▶ **EXERCISE AIM**: Write the data out again exactly, with every picture removed.

▶ **PROVIDED MATERIAL**:
++++
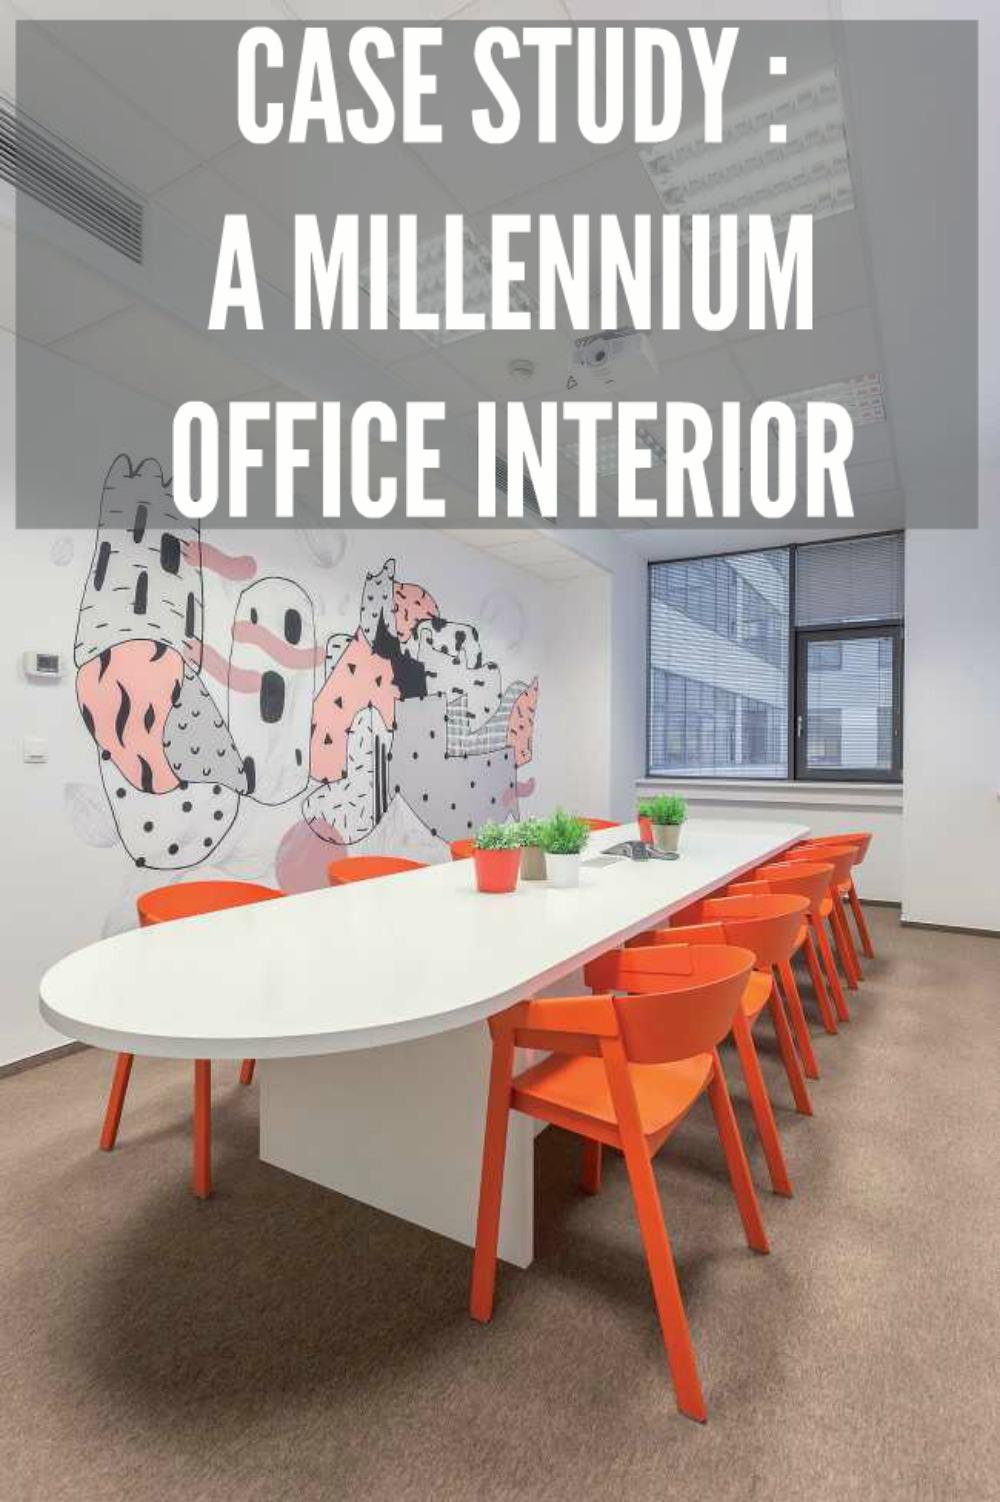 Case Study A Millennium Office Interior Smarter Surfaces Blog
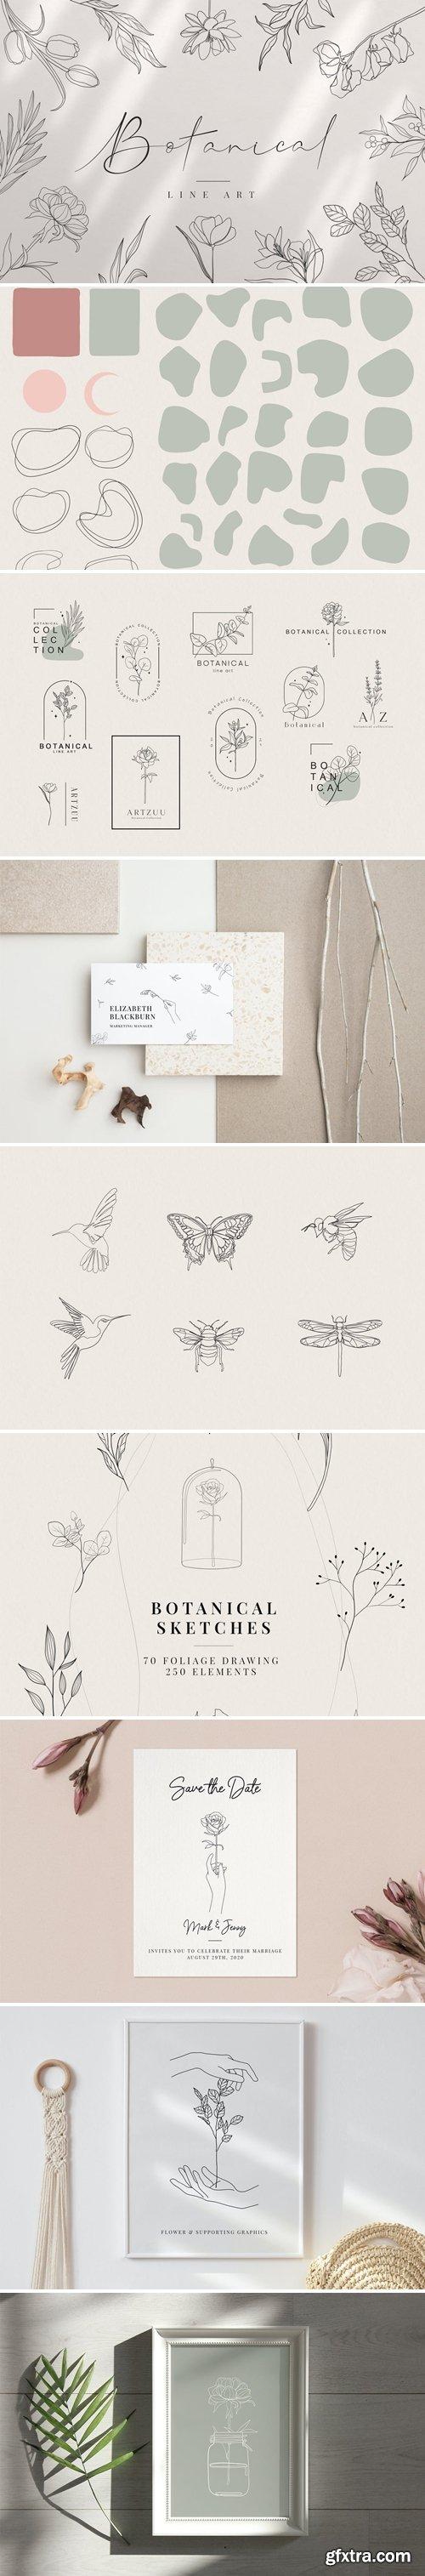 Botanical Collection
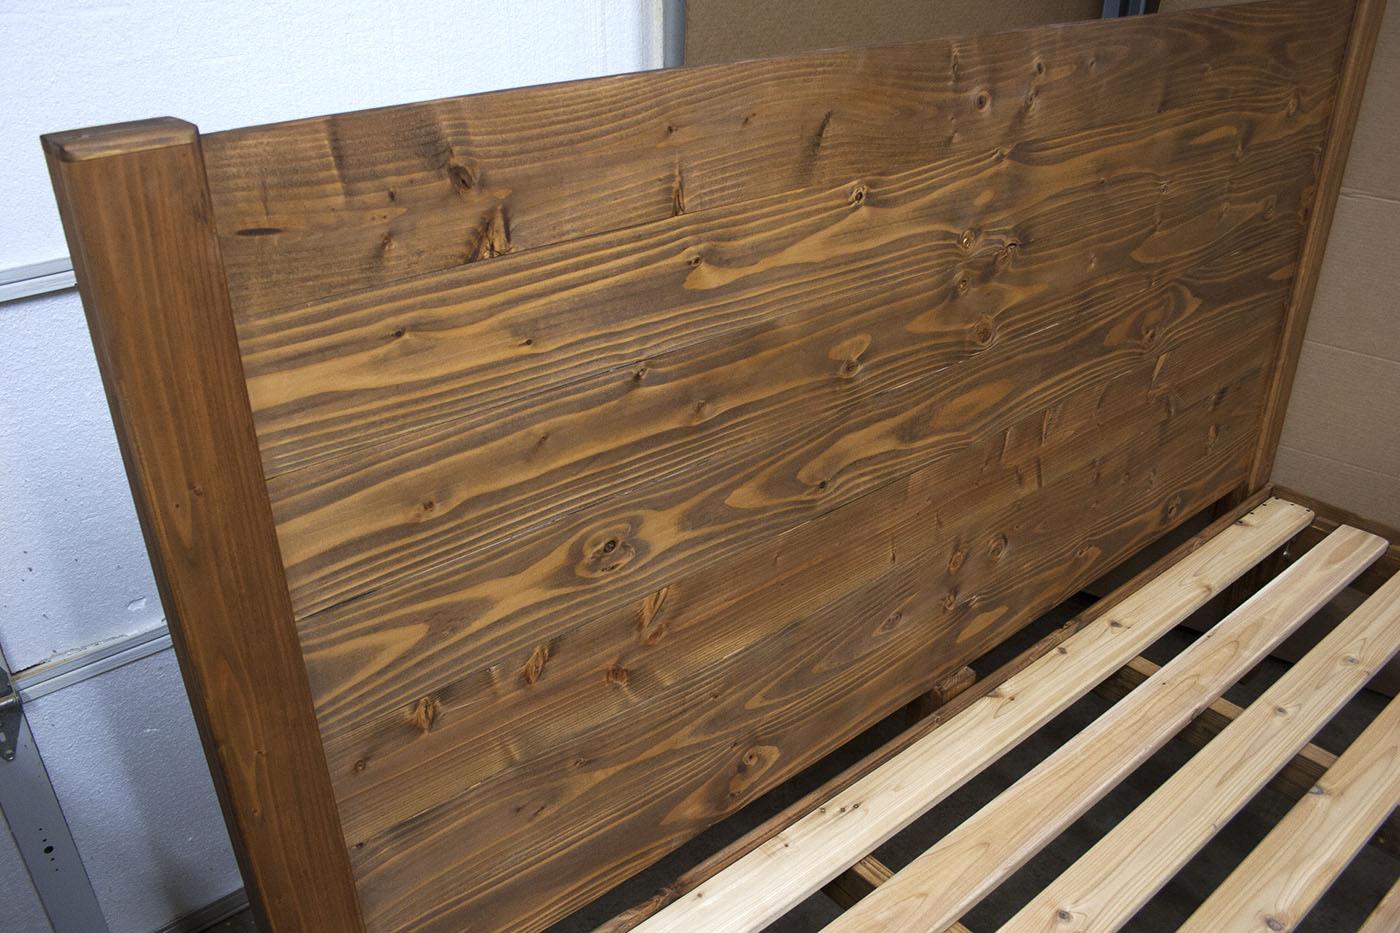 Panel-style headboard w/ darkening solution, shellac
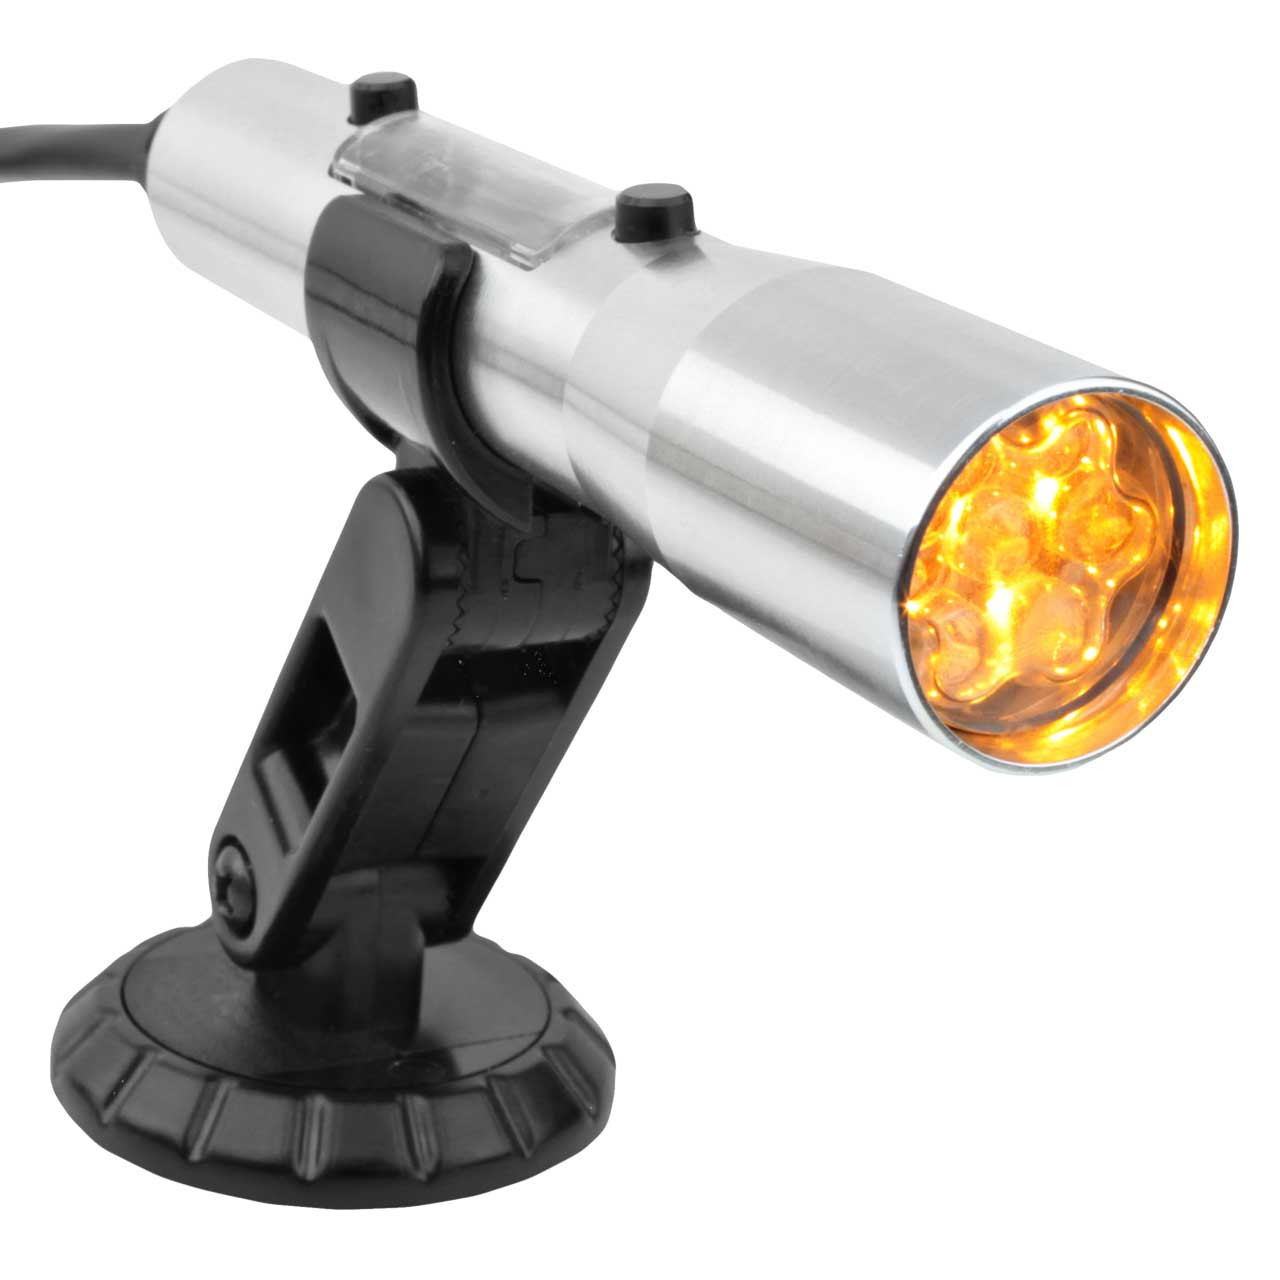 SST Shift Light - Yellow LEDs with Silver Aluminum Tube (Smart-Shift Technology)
++++
▶ **TASK RESPONSE**:
 Case Study A Millennium Office Interior Smarter Surfaces Blog
 Botanical Collection
 Panel-style headboard w/ darkening solution, shellac
 SST Shift Light - Yellow LEDs with Silver Aluminum Tube (Smart-Shift Technology)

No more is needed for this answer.